Tieta
- First edition
- Author: Jorge Amado
- Original title: Tieta do agreste
- Translator: Barbara Shelby
- Language: Portuguese
- Publisher: Distribuidora Record
- Publication date: 1977
- Publication place: Brazil
- Published in English: 1979
- ISBN: 0-380-75477-0

= Tieta =

1977 novel by Jorge Amado

Tieta (Portuguese: Tieta do Agreste, lit. "Tieta from Agreste") is a novel written by the Brazilian author Jorge Amado, published on August 17, 1977. Set in the 1970s, it narrates the return of Tieta to the remote village of Santana do Agreste, 26 years after being beaten and expelled by her father in front of all the town's people.

==Background==
Written mainly in Buraquinho Beach, Lauro de Freitas, close to Salvador, Brazil, and concluded in London in mid-1977, Tieta lives up to its full title: "Tieta the Goat Girl or The Return of The Prodigal Daughter, A Melodramatic Serial Novel in Five Sensational Episodes with a Touching Epilogue: Thrills and Suspense!" The book is one of the author's longest narratives and follows the story's protagonist through three decades.

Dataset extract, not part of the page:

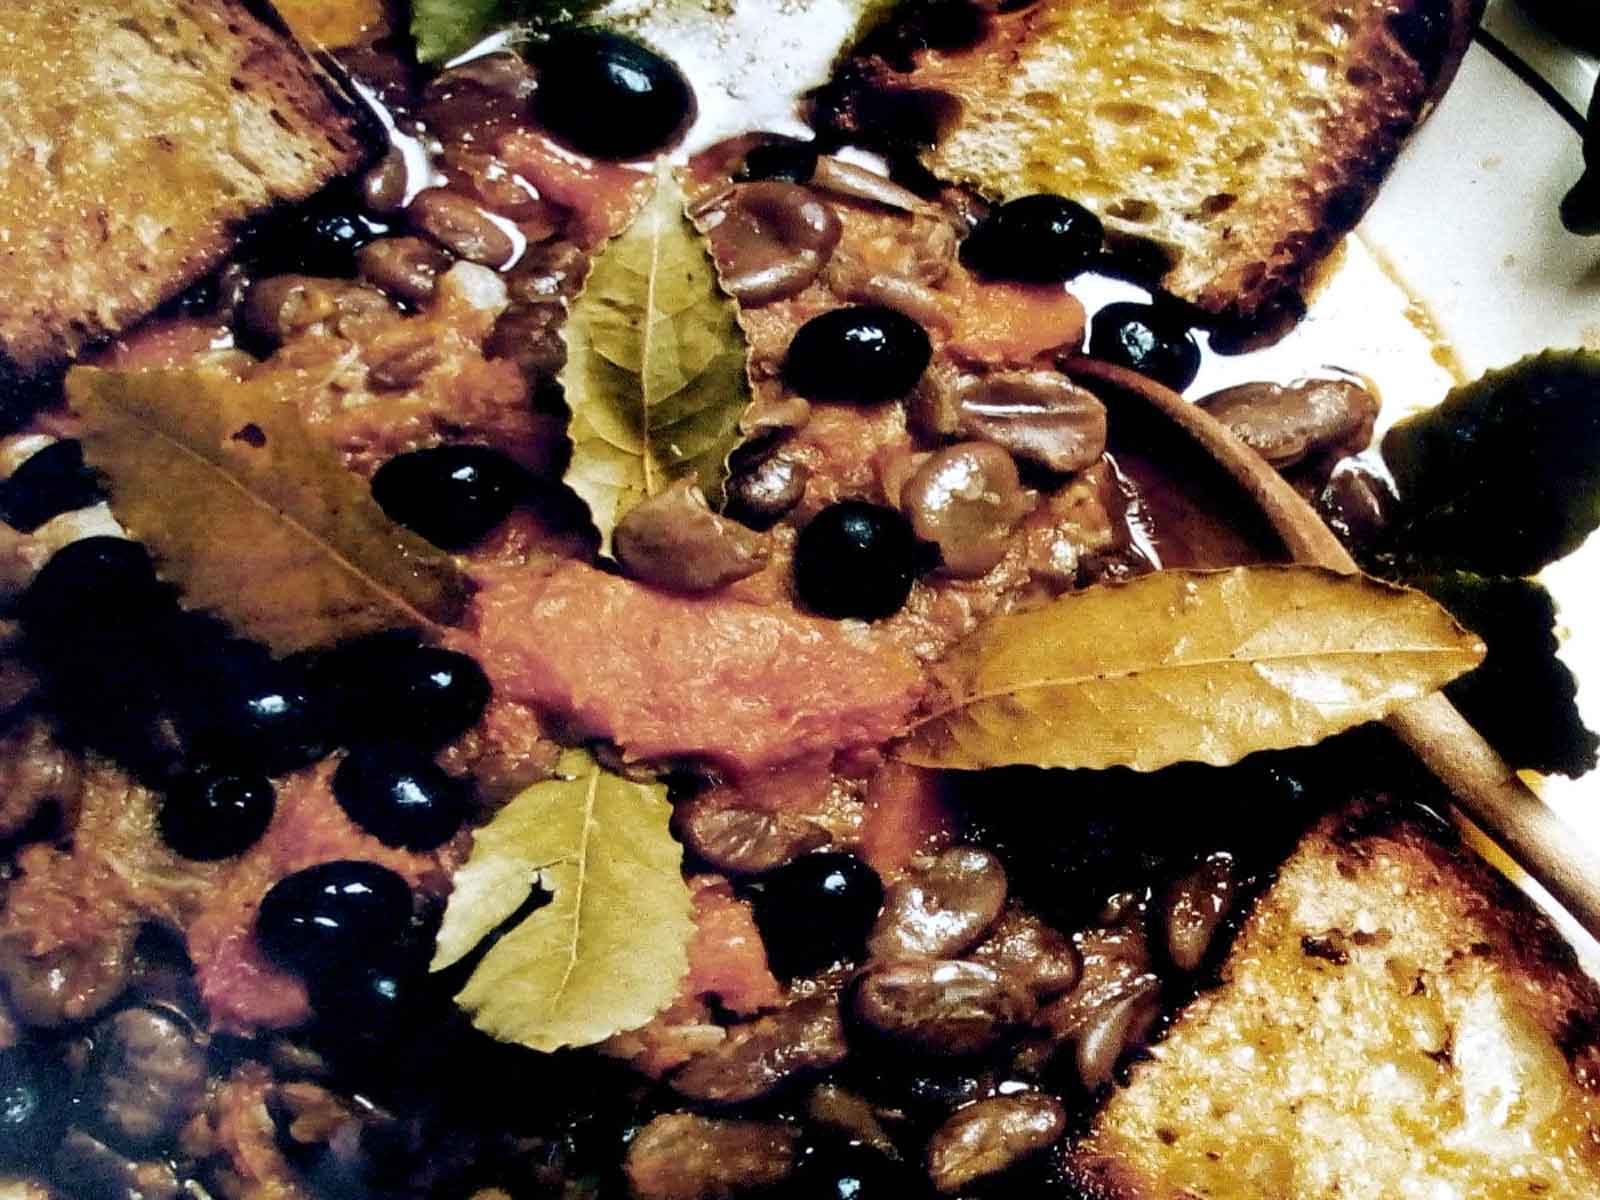 Fave e zucca condite con olive e olio extra vergine di Vieste

In the work of Jorge Amado, the novel falls among those books that, in novelistic tone, chronicle the times and customs, without losing sight of social and political criticism. Published during the period of Brazil's military regime, the plot anticipates issues that would become central in the life of the country, such as concern for the environment and criticism of power relations guided by favoritism and corruption. With her impetuosity and questioning spirit, Tieta joined the gallery of the author's great female characters, alongside Gabriela, Dona Flor and Tereza Batista.

==Plot introduction==
Banished for promiscuity at the age of 17, Antonieta (Tieta) returns from São Paulo to her native village in the Agreste in Bahia twenty-six years later. Thinking she is now a rich, respectable widow, her family and the village welcome her with open arms. But she is forced to reveal her true identity, as the Madam of São Paulo's best brothel, in order to save Agreste's beaches from an ugly and polluting factory development by calling on assistance from her well-connected clients.

==In the media==
- In 1989, a television version was made with Betty Faria in the main role.
- In 1996, a film version was made with Sônia Braga in the role of Tieta.